The opinion of the court was delivered by: DITTER

Paul Hill was charged with distributing heroin on six specific dates between March 13 and June 18, 1979, and with conspiracy to distribute heroin. He was found not guilty of Count I, conspiracy, and not guilty of Count II, which referred to the first date of distribution, March 13, 1979. Defendant did not deny those acts which would constitute the offense, but claimed that he was entrapped by government agents. Presently before the court are defendant's motion for judgment of acquittal or for a new trial. I find no merit in his contentions and for the reasons which follow, his motions must be refused.

Ian Daniels testified that he was paid to provide information to the government about traffickers in drugs. Hill and Daniels were casual acquaintances so casual, in fact, that Hill could not remember Daniels' name when Daniels contacted him at the men's clothing store where Hill worked. According to his own testimony, Hill immediately asked Daniels for a marijuana cigarette. Daniels then told Hill he was interested in buying heroin and asked Hill to help him obtain it. Hill testified that although he had smoked marijuana and taken cocaine, he had never used heroin nor had he ever been involved in its sale.
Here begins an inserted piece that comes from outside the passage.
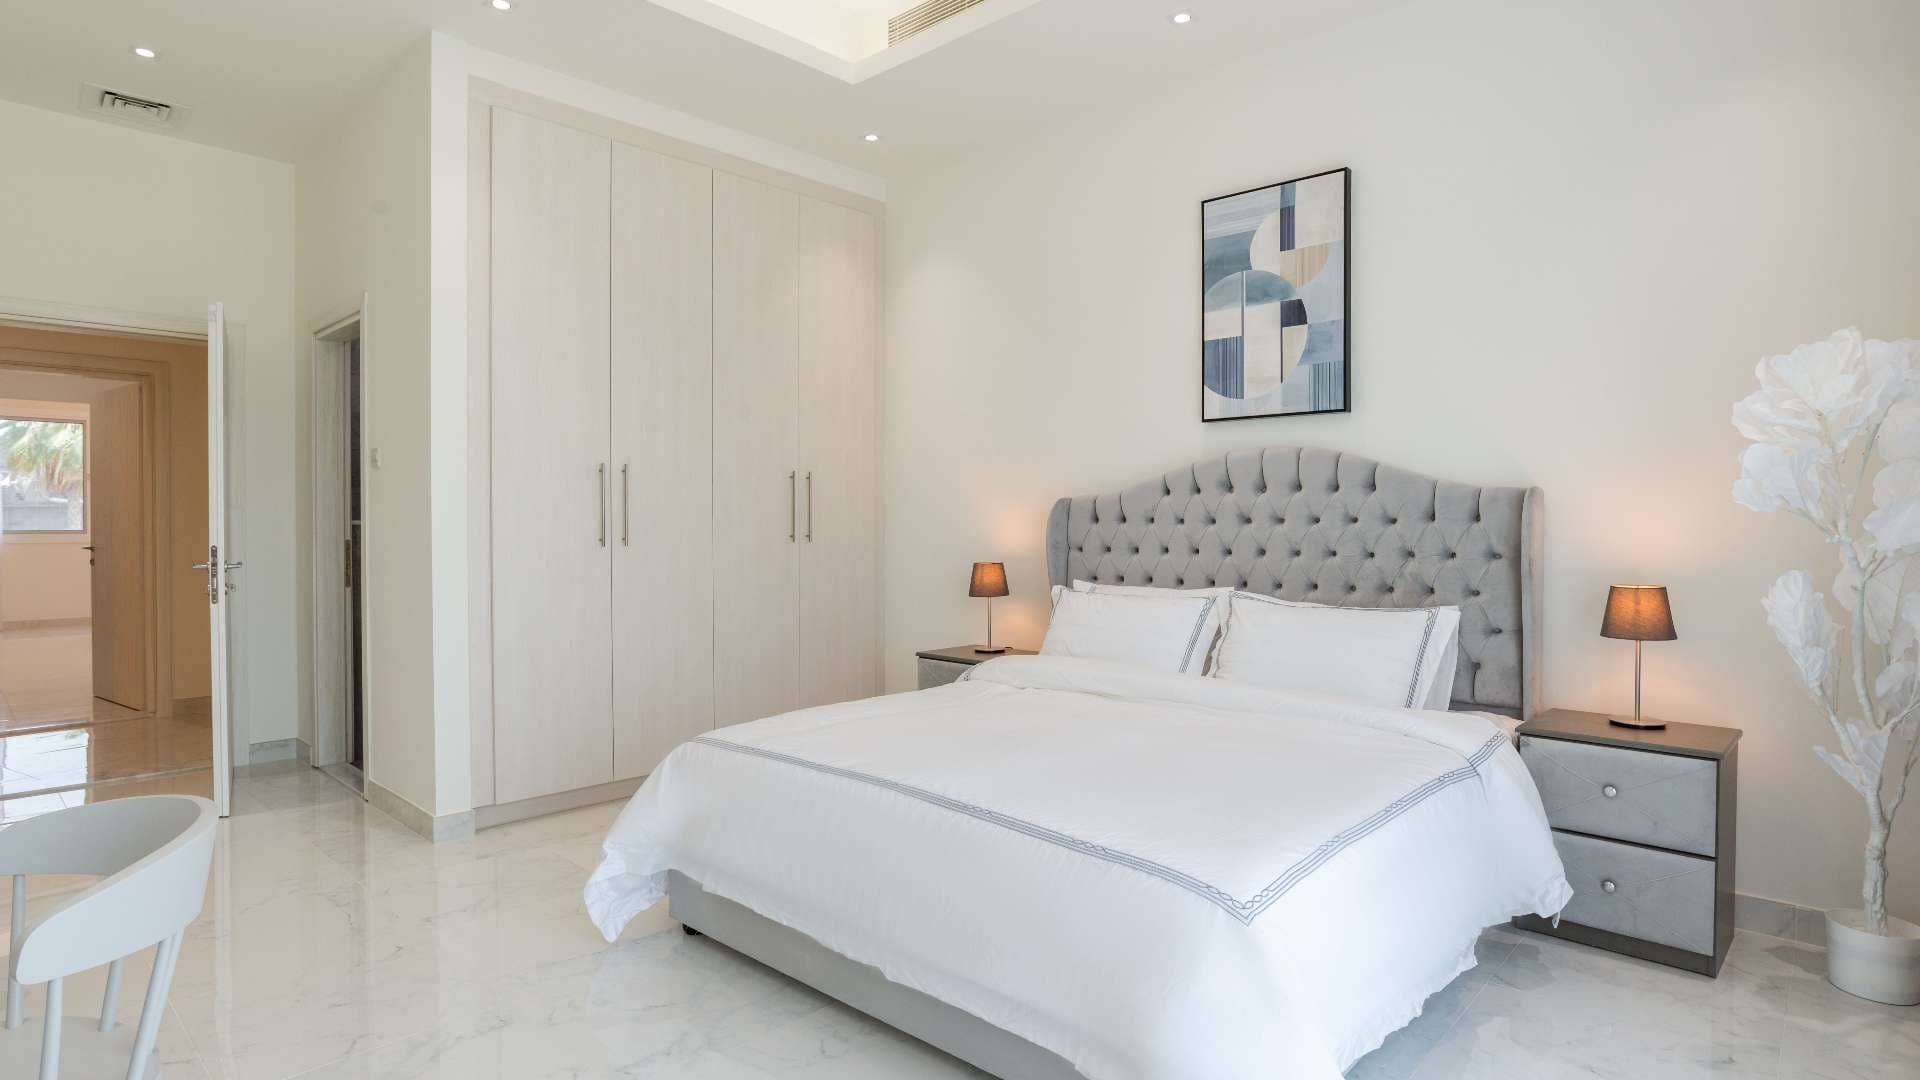 6 Bedroom Villa For Sale Pearl Jumeirah Lp08107 34b1c577e9a7b00.jpeg

 According to the defendant, there were three, four, or five occasions in the next few days when he saw Daniels and in addition, there were three telephone conversations. In these contacts, Hill said Daniels tried to get him to supply heroin. Hill became impressed by Daniels' need to obtain the heroin and as a result, contacted Leonard Newton (his co-defendant) whom he knew to be a dealer in illegal drugs. Hill explained that Newton was a good customer of his at the clothing store, one who spent a lot of money, drove a big car, and had a nice apartment which Hill had visited on several occasions. More significantly, Hill knew that Newton dealt in both marijuana and cocaine. In view of Daniels' need, Hill decided to get Newton and Daniels together as a favor. He told Newton about Daniels. Newton said he felt he could supply Daniels' need and gave Hill a small quantity of heroin as a sample which Hill passed on to Daniels.

 Daniels then introduced Hill to Jerome Harris, and later to Miles Edwards, both of whom were undercover police officers working with the Drug Enforcement Administration. Subsequently Edwards explained to Hill that although Harris and Daniels might make minor purchases for him, he, Edwards, was the one who would handle large transactions. There were five ensuing purchases, the largest on June 18, being for $ 24,000. immediately after which Hill and Newton were arrested. As time passed, Daniels' role in contacts with Hill had become less frequent, and Daniels was not even present for the distributions which took place on April 23, June 12, and June 13. In fact, Hill even admitted telling Edwards not to bring Daniels to Newton's apartment any more apparently because the apartment had been raided and Newton thought that Daniels might have been responsible for tipping off the authorities. On the other hand, Hill took an active role in each of the sales.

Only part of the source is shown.